What are we to make of Obama’s replacement of General Jim Jones, the national security adviser who regarded Israel/Palestine as the big enchilada, by his deputy, the very political Thomas Donilon? The question was asked of Chas Freeman, author, ambassador and former Obama intelligence nominee, and he responded in the following email to a few friends. He gave our site permission to publish:

. . . there’s a broader issue with the appointment of Tom Donilon, a creature of Congress whose professional formation has taken place entirely within the Washington bubble.
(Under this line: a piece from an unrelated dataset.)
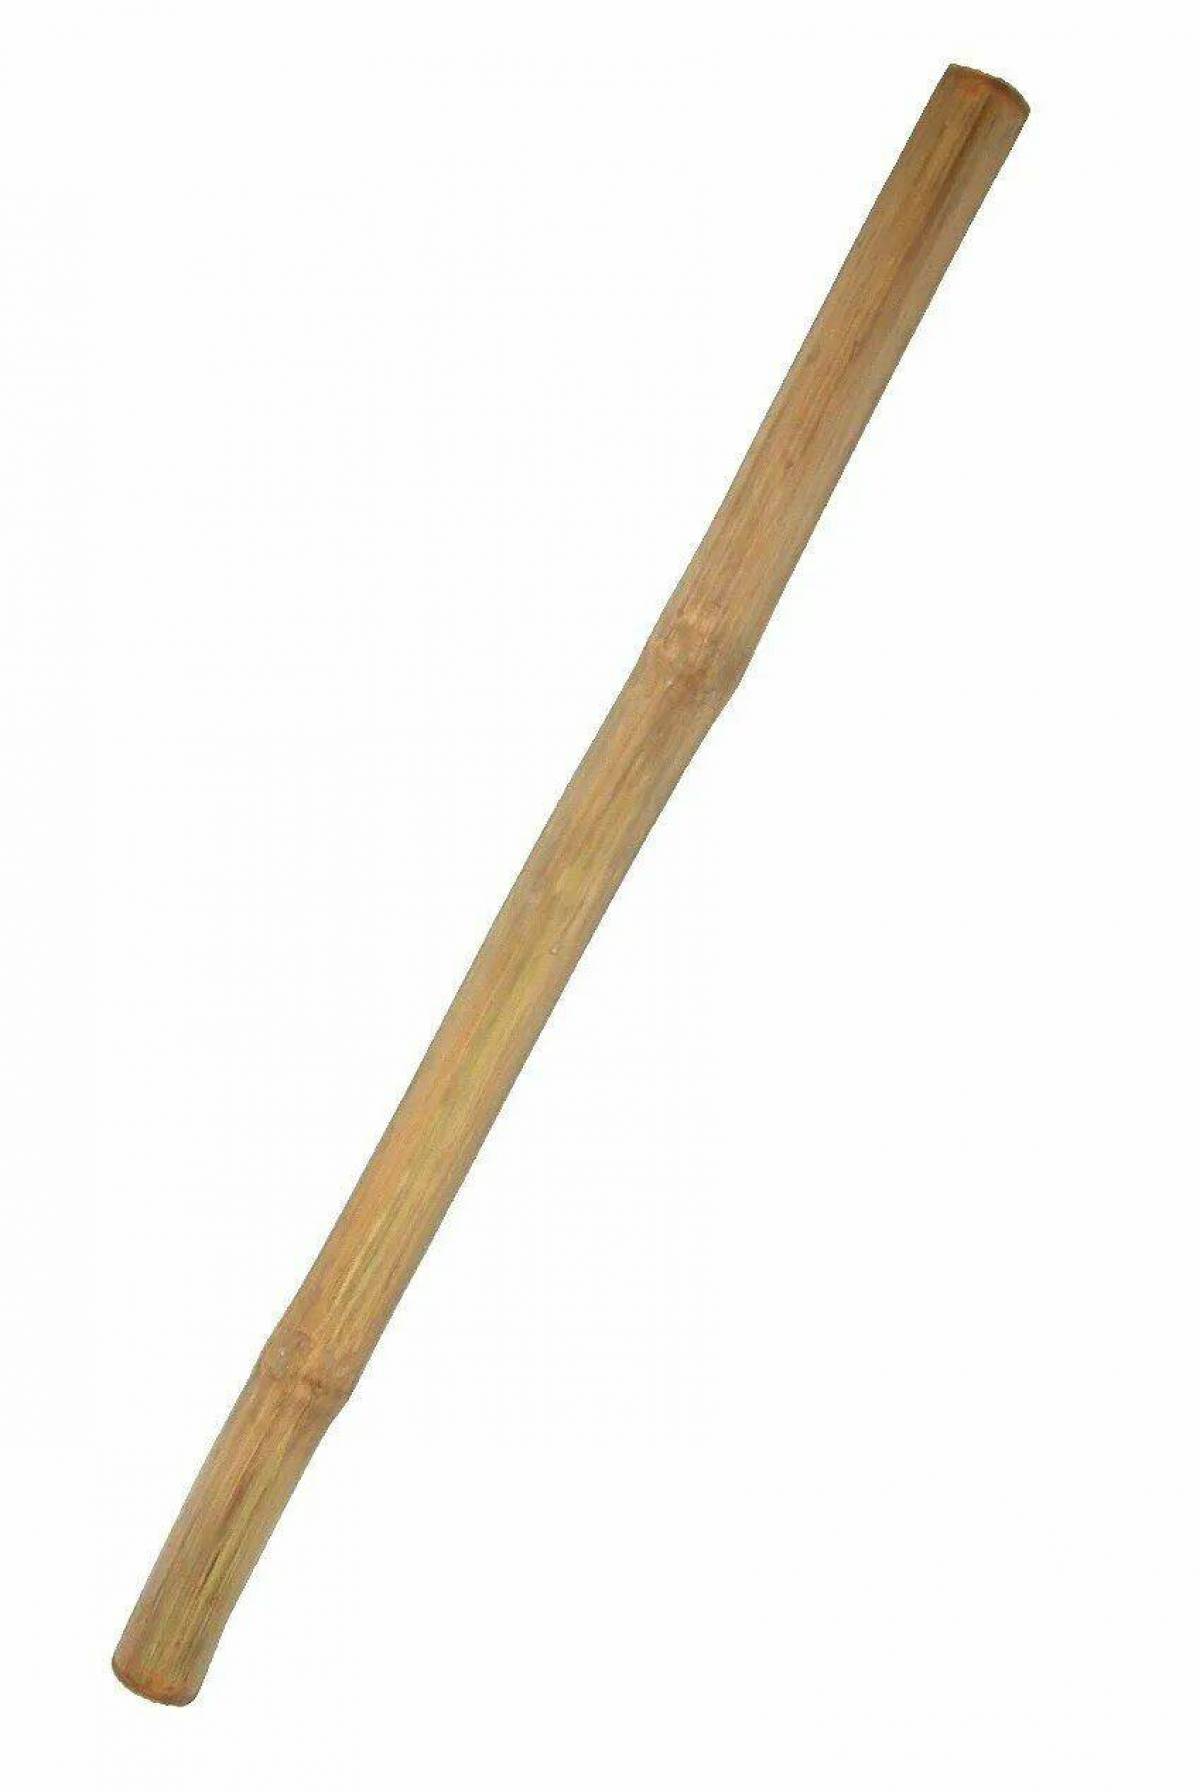 A wooden stick. Палка. Палка деревянная. Деревянные палочки. Деревянная палка на прозрачном фоне.

Nothing in his background as a lawyer or aide to elected officials and political appointees hints at any skill at strategic thinking, foreign policy formulation, or diplomatic maneuver that is directed at anyone other than domestic constituencies. He gives every sign of faithfully reflecting the political risk aversion, venal deference to campaign contributors, and constipated strategic imagination of the Washington establishment. We Americans have spawned our own version of the eunuchs of old, who flourished inside the walls of the Forbidden City or Topkapi/Dolmabahçe Palace. Their counterparts now practice the arts of the courtier within the Beltway at both ends of Pennsylvania Avenue. (It is said that Afghanistan has jirgas to make village-level decisions and loya jirgas to decide things at the national level, while Washington now makes decisions in circle jirgas.) Donilon is exhibit A of this archetypal Washington type; his presumed successor, Denis McDonough, is exhibit B. (For the opposite — optimistic — presentation of essentially the same judgment, see Steve Clemons).
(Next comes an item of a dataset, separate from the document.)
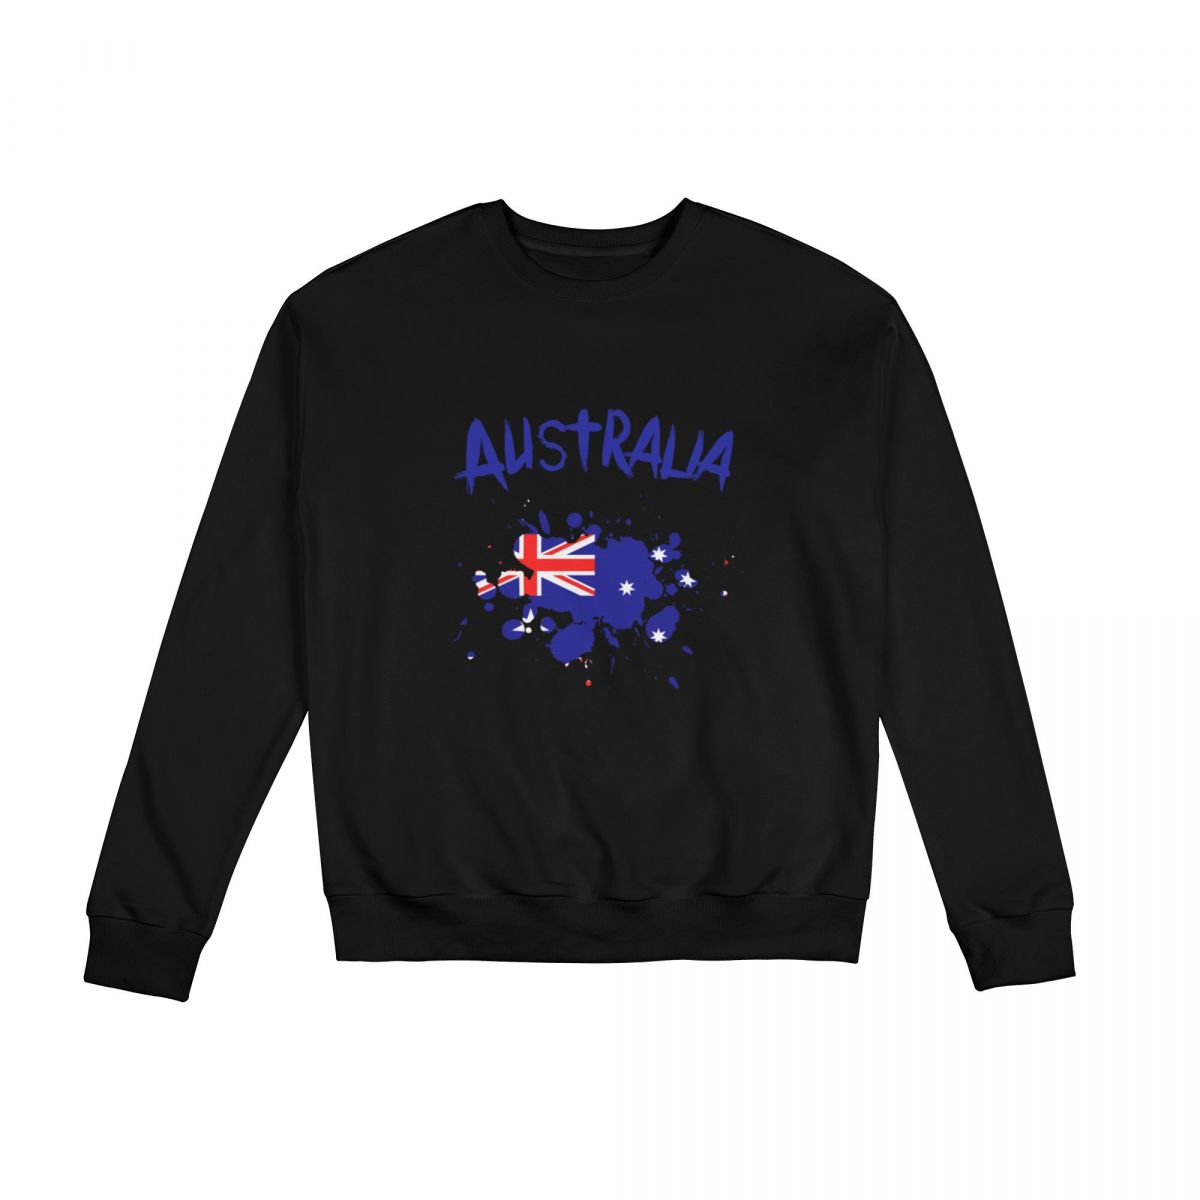 Australia Ink Spatter Crew Neck Sweatshirt

Note that the principal argument for Donilon and McDonough is not their competence or mastery of the subject matter of national security affairs in its diplomatic, intelligence, and military dimensions, but the trust the president has in them. To me, this underscores that American politics has become entirely self-referential and solipsistic. We have evolved the world’s most militarily powerful autistic government. The Obama Administration is practicing non-partisanship by carrying on the foreign policy of its predecessor. Mr. Magoo is still at the helm, as I discovered he was years back. See: “America in the World – Magoo at the Helm” — , now a chapter in the book Just World Books just brought out, “America’s Misadventures in the Middle East.” )

Jim Jones’s retirement (like that of his colleague Denny Blair) reflects the distaste of the White House inner circle (the “water bugs”) for politically inconvenient and annoyingly intractable foreign realities that refuse to conform to the domestic political will as defined by the interest groups to which it has been franchised. This appointment is, in my view, a vindication of the Tea Party crowd’s perception that Washington is self-referential, dominated by special interests (i.e. groups with which the disparate dissatisfied do not identify), manipulative rather than empathetic, and out of touch. At the same time, in relation to foreign policy, it represents a bow to the sort of American parochialism and solipsism that tea partyers exemplify. While I agree that the Middle East is the most consequential arena for American policy failures at present, this appointment belies hope that the many other challenges before our country will be imaginatively and effectively addressed before they become incorrigible.